Patients with breast cancer can be categorized into three general groups: 1) triple negative breast cancer dominated by basal type breast cancer (i.e., estrogen receptor negative (ER−), progesterone receptor negative (PR−), and human epidermal growth factor receptor-2 negative (HER-2); 2) the HER-2 subtype (ER−/PR−/HER2+); and 3) ER/PR positive breast cancer (ER+/PR+), which can be further subtyped based on mRNA profiling into luminal A (ER+/PR+/HER2−) and luminal B (ER+/PR+/HER2+)5. Despite the variation in prognosis between the different subtypes within each group, therapy choices are tuned to the three basic groups. It was already shown before that data integration revealed novel insights40,41,42, however unknown are the results in subtyping when integrating mRNA, DNA-methylation, microRNA and Copy number changes.
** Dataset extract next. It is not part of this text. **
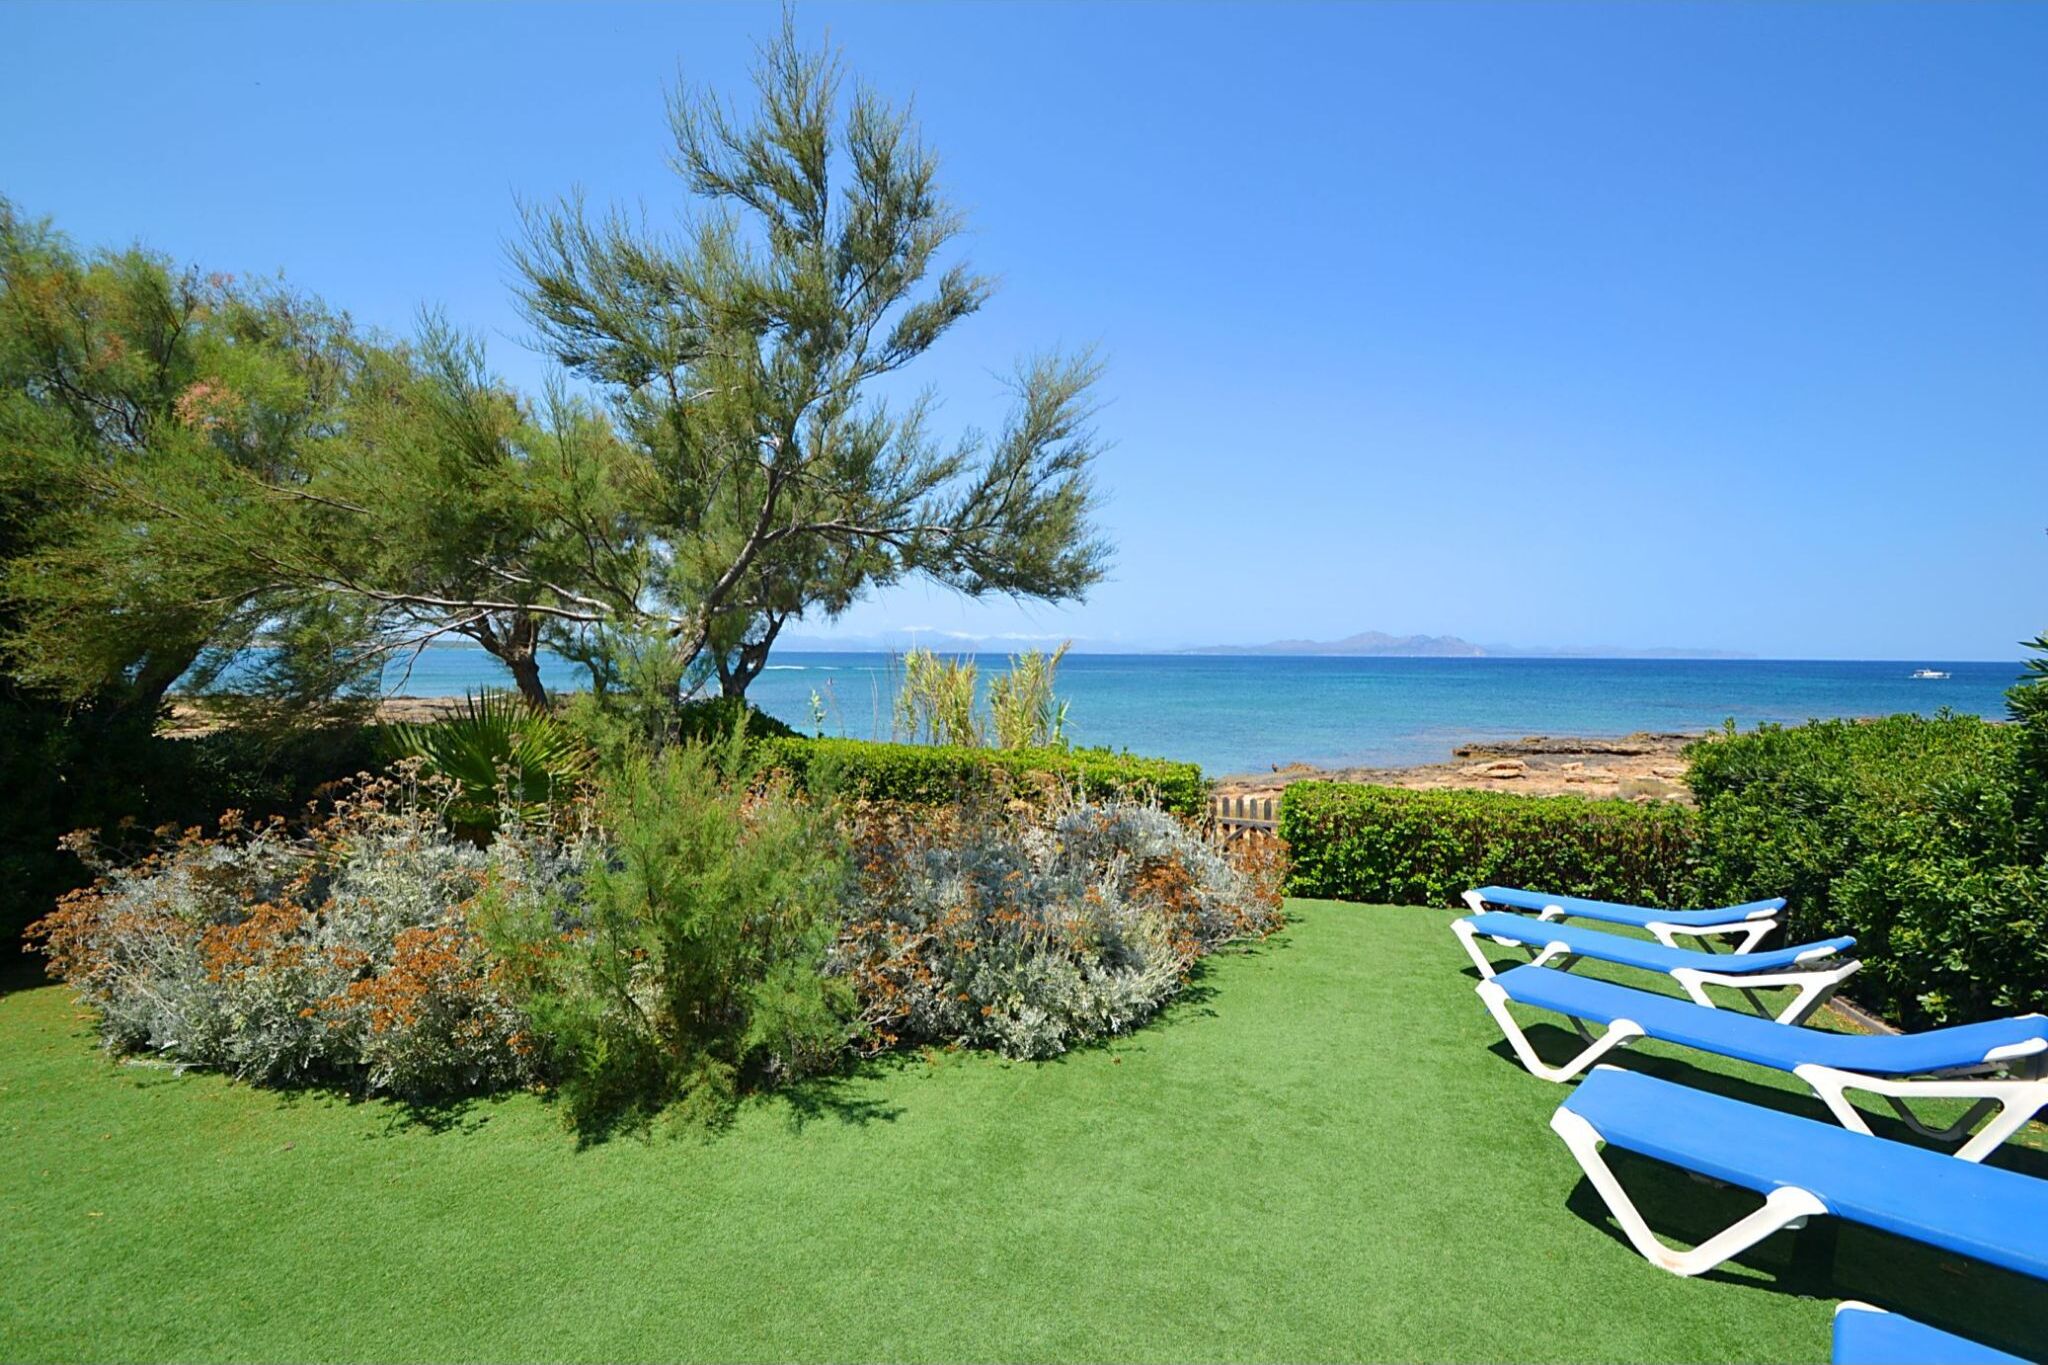 Maison de vacances reliée à seulement 200m de large plage de sable à Majorque

Subtype analysis of the 563 breast cancer samples using MEREDITH resulted in five distinct clusters (Fig. 5a) that were significantly associated with the known breast cancer subtypes: i) cluster 1 for the Luminal A subtype (P = 5.1 × 10−6); cluster 2 also for Luminal A (P = 6.2 × 10−4); iii) cluster 3 for the Basal subtype (P = 3.9 × 10−14); iv) cluster 4 for the Basal and HER2-type (P = 1.5 × 10−3 and P = 0.035 respectively); and v) cluster 5 for the Luminal B subtype (P = 1.6 × 10−6). Detailed clinical characteristics can be found in Supplementary Table S4. This clearly demonstrates that breast cancer subtypes can also be captured in the two-dimensional MO-map (Fig. 5a). In terms of overall survival, we detected that samples in Cluster 5 (enriched for Luminal B) have a significant inferior survival compared to samples outside the cluster (P = 0.026), with 5-year survival rates of 78% (Fig. 5b). Intriguingly, while both Clusters 1 and 2 include samples that are significantly associated with Luminal A, samples in Cluster 1 showed significantly good survival rates (P = 6 × 10−5), which was not seen of patients in Cluster 2.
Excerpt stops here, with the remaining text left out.